Closed Septercius closed 8 months ago

Septercius commented 8 months ago

Description

I'm trying to use the source generation capabilities of System.Text.Json to serialize and deserialize a type that contains an instance of the KeyedCollection<,> class. The documentation (https://learn.microsoft.com/en-us/dotnet/standard/serialization/system-text-json/supported-collection-types) states that this is not a fully supported type (specifically, non-string key types), but it does appear to work without problem when not using source generation (so long as I use JsonObjectCreationHandling.Populate), and I get the expected results.

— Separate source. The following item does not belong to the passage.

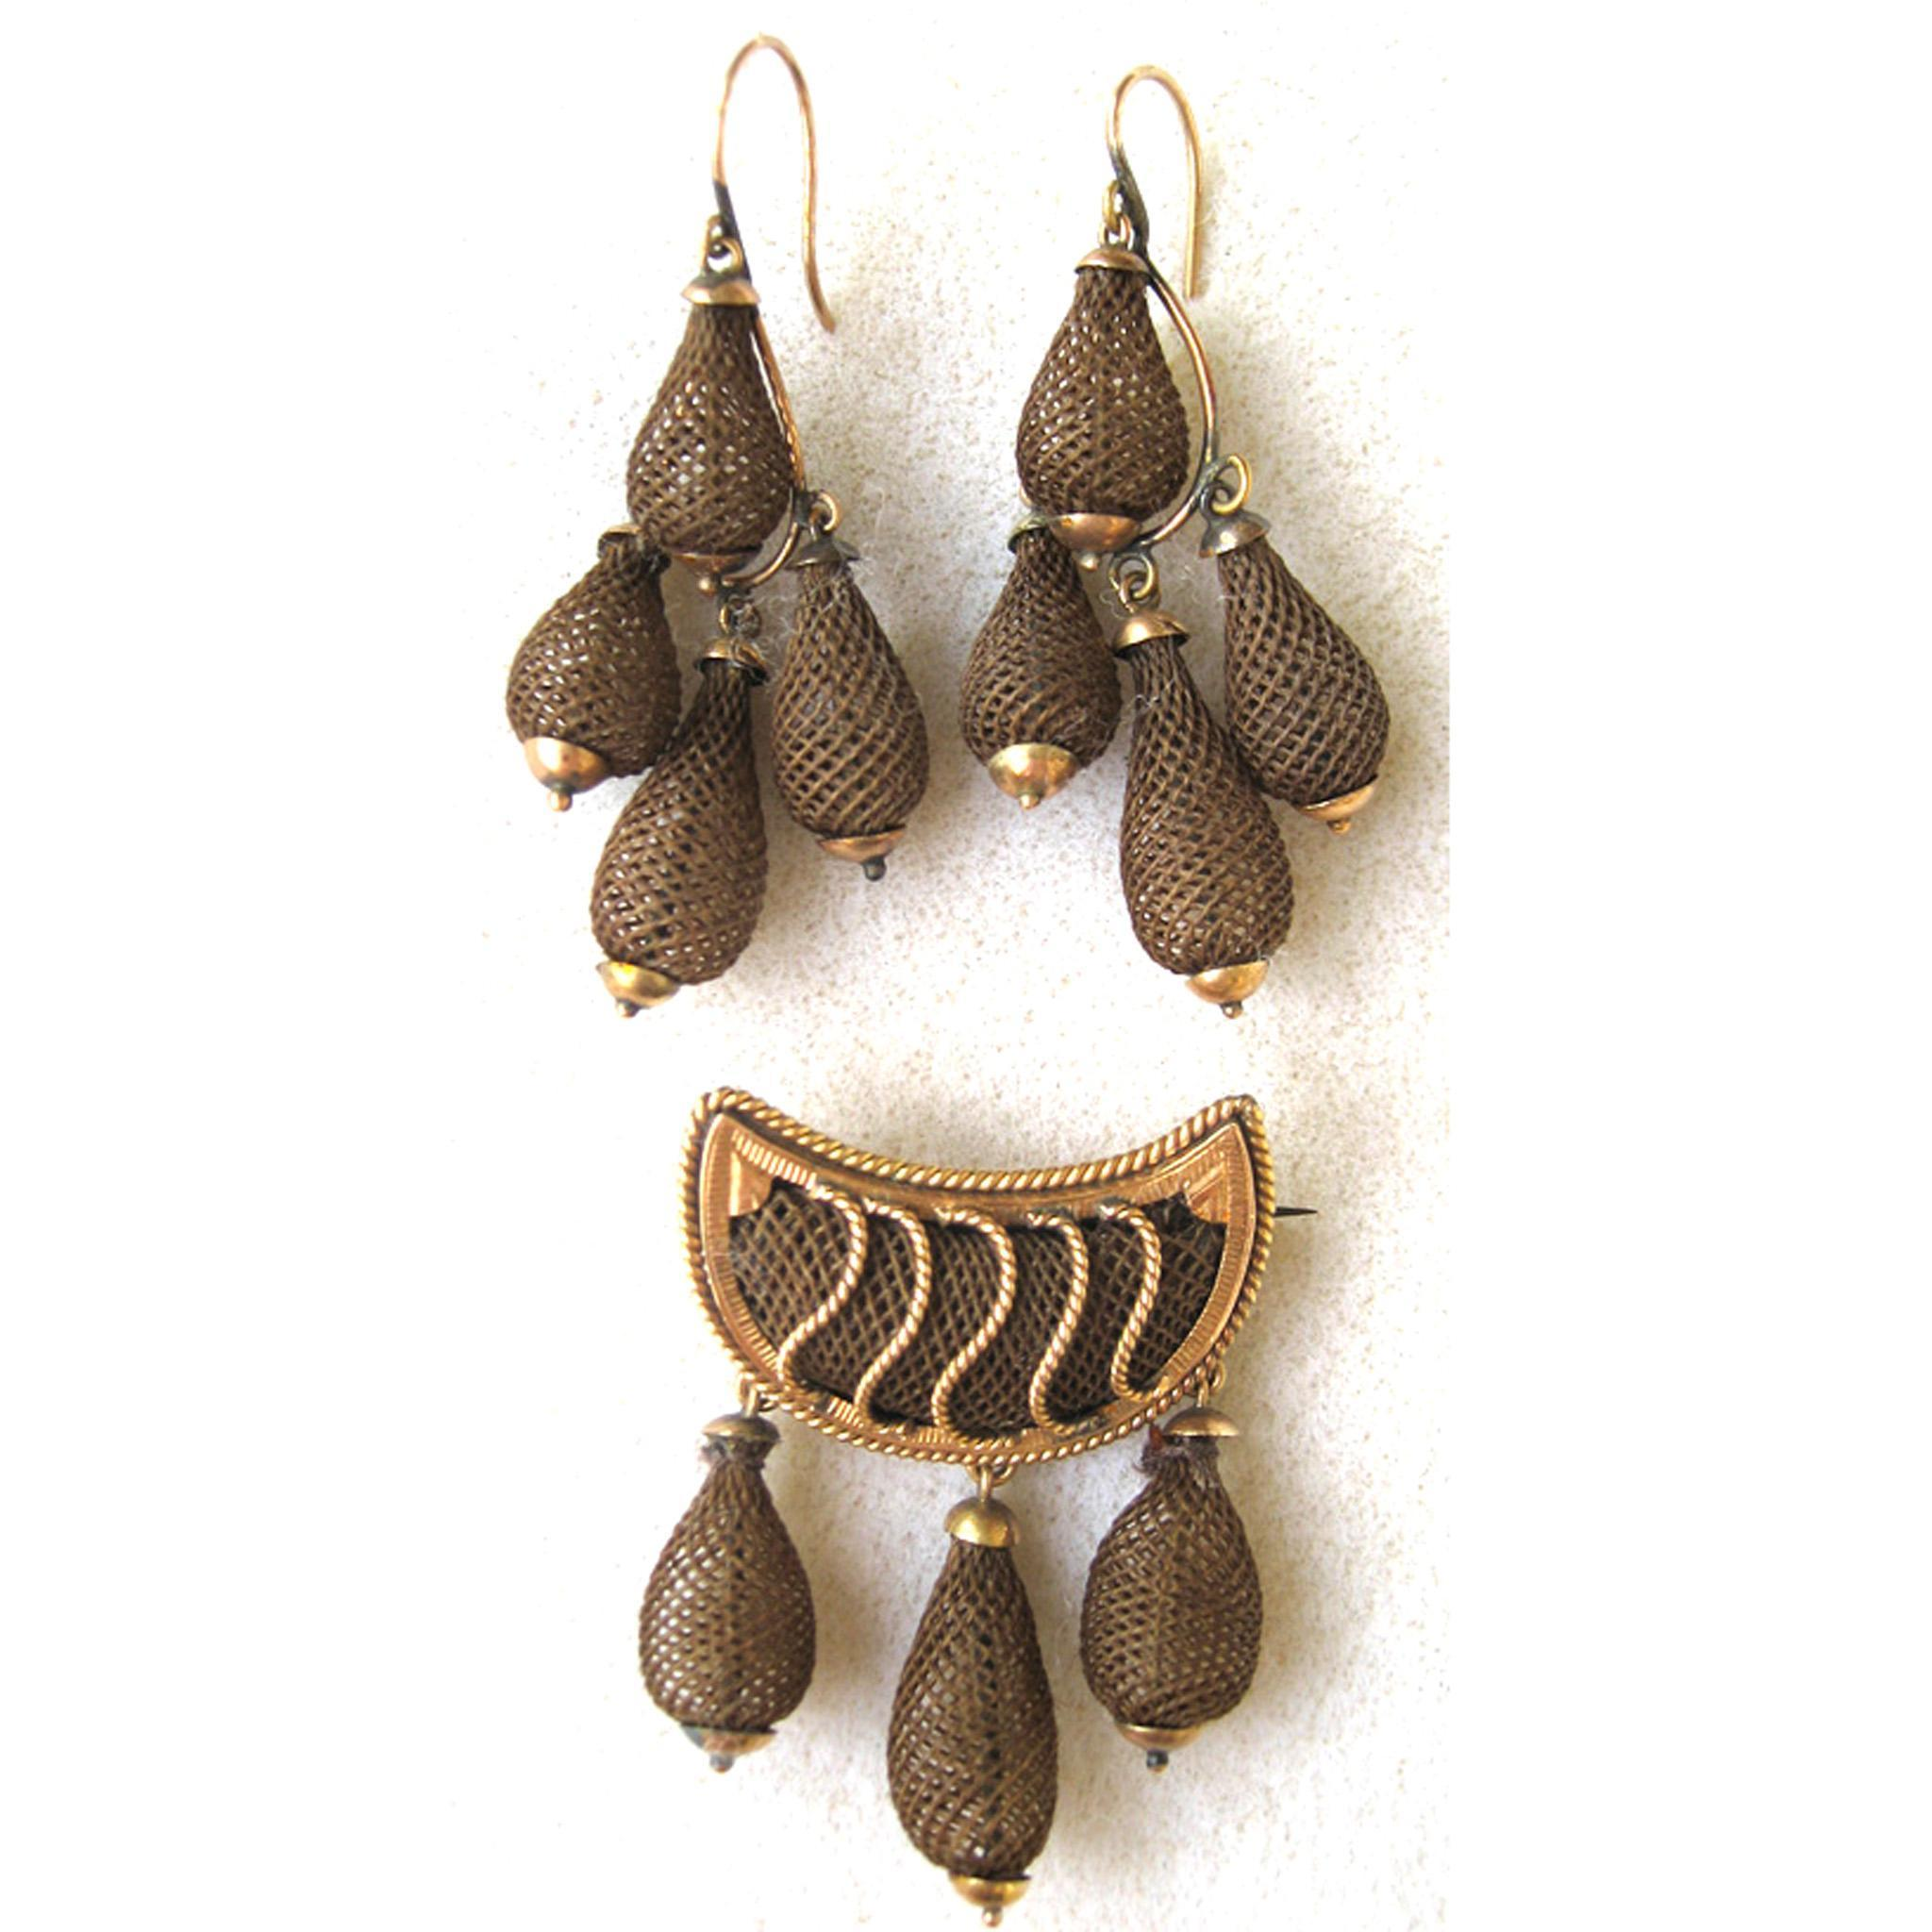 Victorian 14K Yellow Gold Hair Jewelry Set: Brooch/Pin Earrings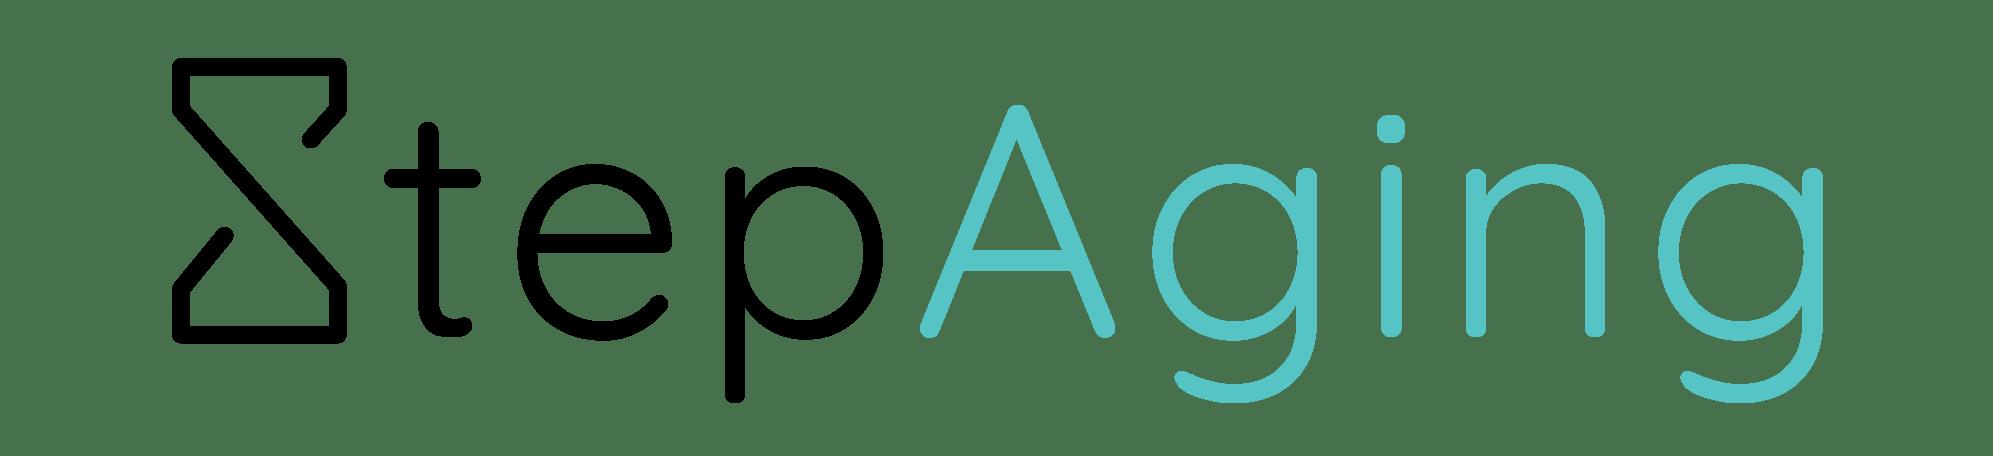 StepAging company logo

I then tried using the source generation using the same object, and this is failing with a "The given key '0' was not present in the dictionary" error. Looking at the generated code, it's iterating through the collection using a standard for loop, and accessing the items in the collection by index, which doesn't work with KeyedCollection<,> as the indexer requires a key.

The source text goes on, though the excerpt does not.